Coaxial extrusion printing has been developing toward generating microtubes for mimicking tubular tissues these years. However, these generated microtubes with insufficient mechanical properties and uncontrollable inherent swelling attribute severely hinder their utilization as load-bearing tubular tissue.  

Recently, a research team led by Dr. RUAN Changshun from the Shenzhen Institutes of Advanced Technology (SIAT) of the Chinese Academy of Sciences constructed a high-strength microtube by coaxial printing with a customized biohybird hydrogel ink (CNG ink).

The biohybird hydrogel ink is consisted of nanoclay, H-bonding monomer N-acryloyl glycinamide and gelatin methacryloyl.
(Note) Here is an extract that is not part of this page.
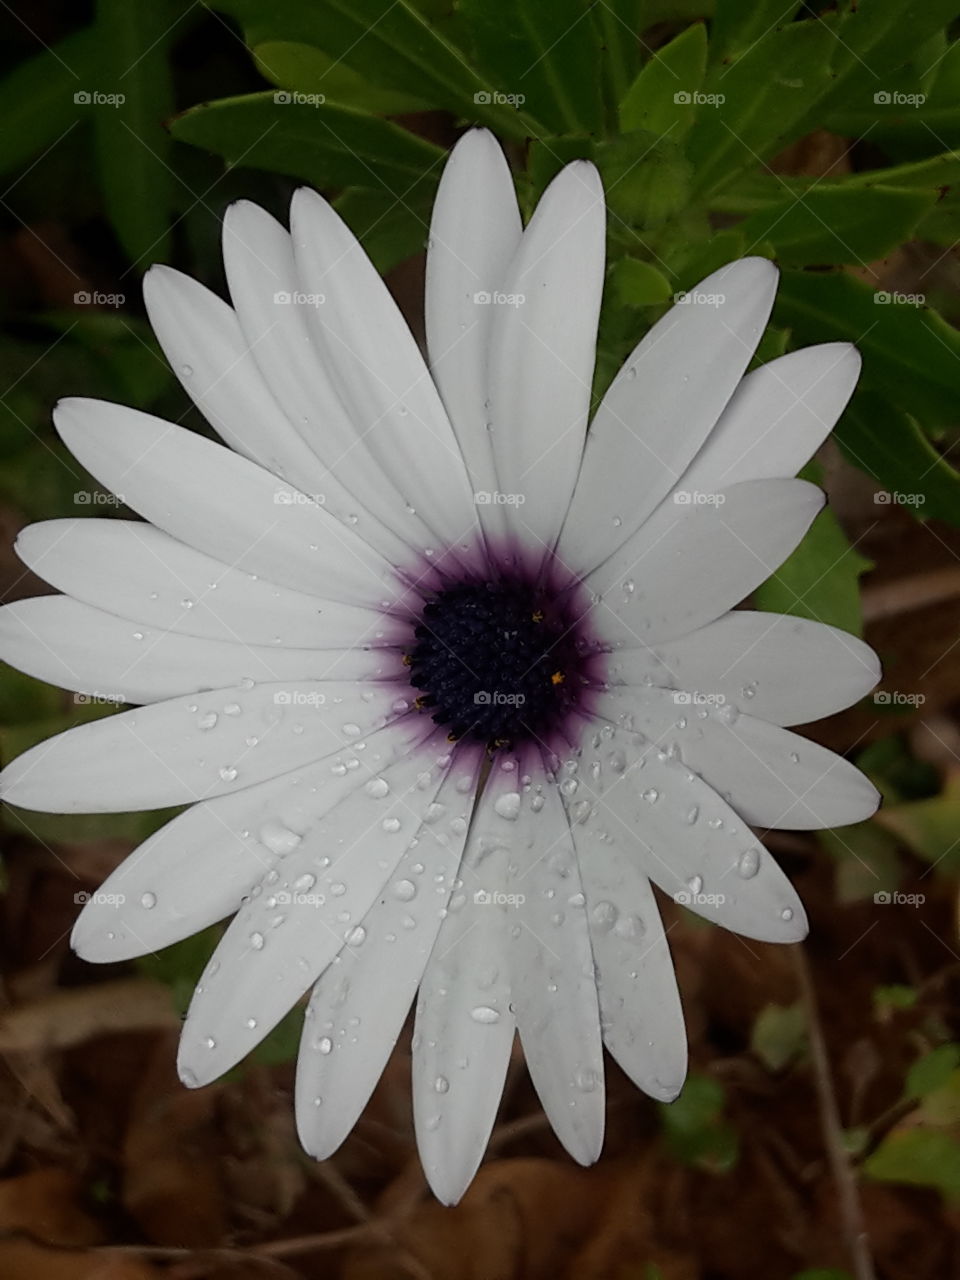 the beautiful flower!

Thanks to the coexistence of physical interpenetration, chemical crosslinks and reversible N-acryloyl glycinamide (NAGA) hydrogen bonding interactions, it demonstrated excellent printability and self-supporting property.

Moreover, the ink could be printed into microtube continuously and stably with a long length and tunable diameter simply by regulating external/internal needle size in the coaxial nozzle. This strategy is suited for scale-up production of microtubes with variable diameters.  

The CNG hydrogel microtubes demonstrated swelling stability, high toughness, ultra-stretchability, compression resistance, rapid self-recovery property, excellent perfusion as well as controllable permeation.

Additionally, they exhibited excellent biocompatibility and accelerated endothelialization, suggesting their potential as tubular tissue grafts.  

The study, published in Advanced Functional Materials, opens up a universal and facile method for scale-up fabrication of high-strength microtubes with huge potential in regeneration of tube-like tissues. 

Schematic diagram of the fabrication and characterization of microtubes (Image by SIAT) 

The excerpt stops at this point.